Uh-oh. I knew that look. My twin tormentors were toast.
CHAPTER TWO
“Marco, wait,” I said, and dashed after him, catching up just as he stepped into the big warehouselike room where hundreds of people were browsing the wide, carpeted aisles of display booths. “Ross and Jess did this to me. If anyone is going to teach them a lesson, it should be me.”
Both corners of Marco’s mouth curved down, a clear sign that he strongly disagreed, but since that had never deterred me before, I paid no attention. I pulled the convention brochure from my purse and turned to the index. “Where would two young guys hang out? The extreme-marketing seminar?”
That snapped him out of his funk. “Whoa. Hold it. Before you put on your brass knuckles, Sunshine, you’d better think this through.”
“You’re right. They’re probably at the computer software booth.”
“That’s not what I mean. You’re here on business. You don’t want to cause a scene that might jeopardize your chances of picking up new clients for Bloomers.”
I blinked as his words sank in.
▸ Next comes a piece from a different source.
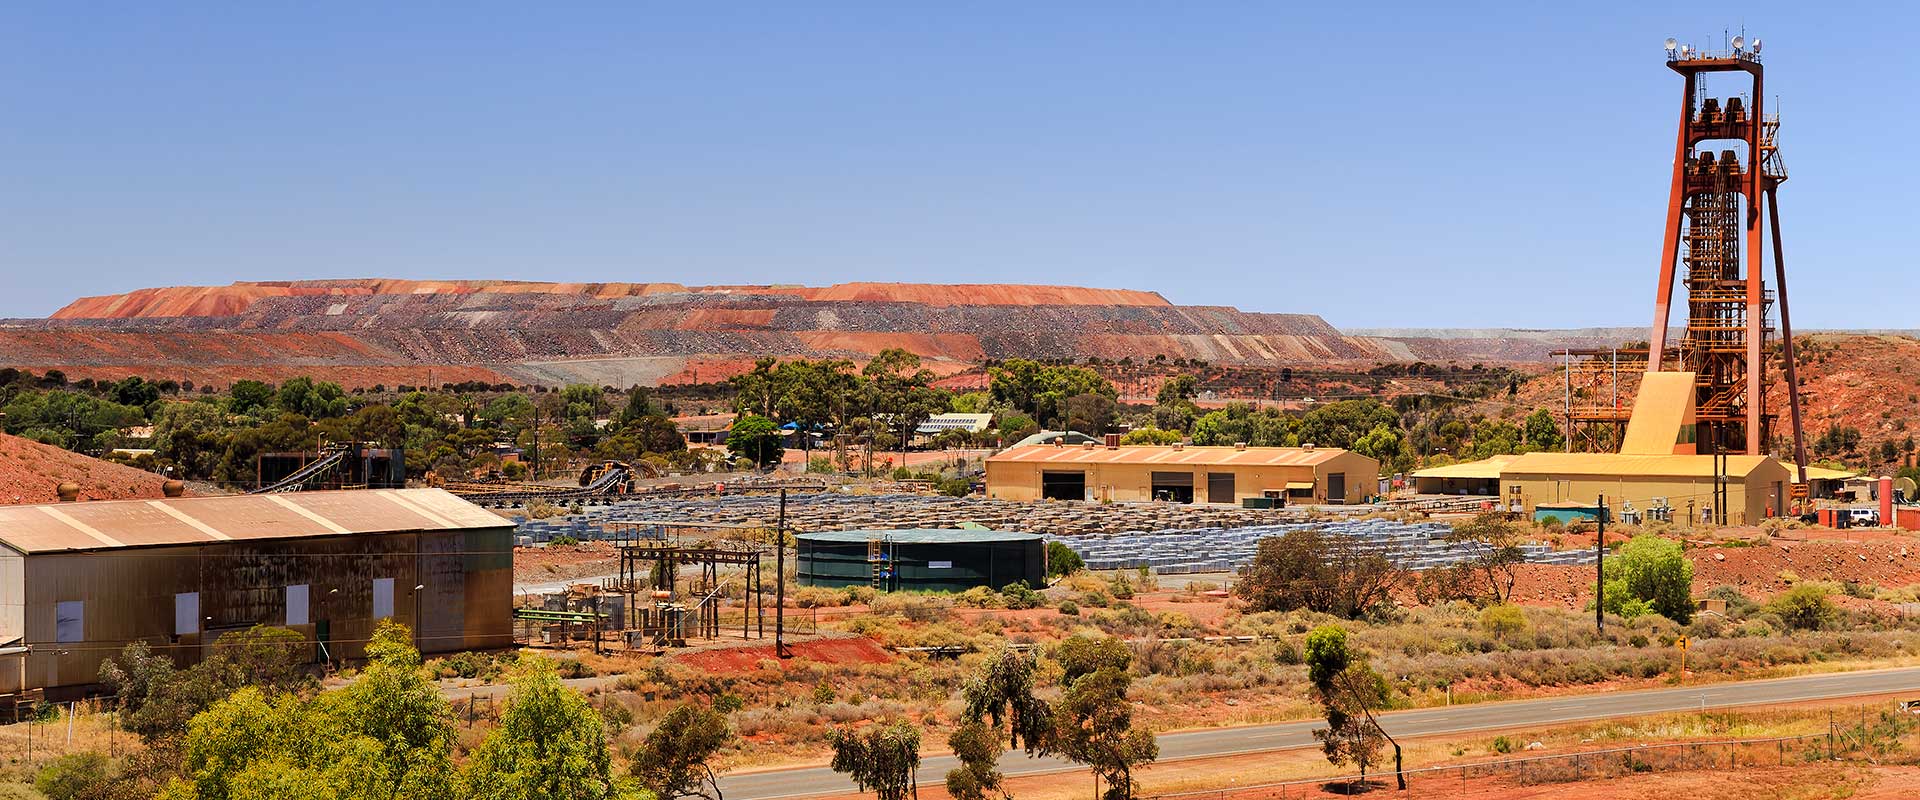 Pit frame of an old gold mine surrounded by red outback dirt and low brush shrubs in Kalgoorlie

Rats. He was right again. How professional would I look if I walked around punching out morticians, even young ones who thought they were crafty stud muffins?
“Fine. I’ll let them go for now, but if they pull anything else, they’re going to find out Abby Knight is a force to be reckoned with. I may be small, but I’m mighty.” I flexed a bicep, which, I might add, was looking pretty hot. Chalk that up to toting heavy bags of potting soil from the depths of Bloomers’s basement to the first-floor workroom.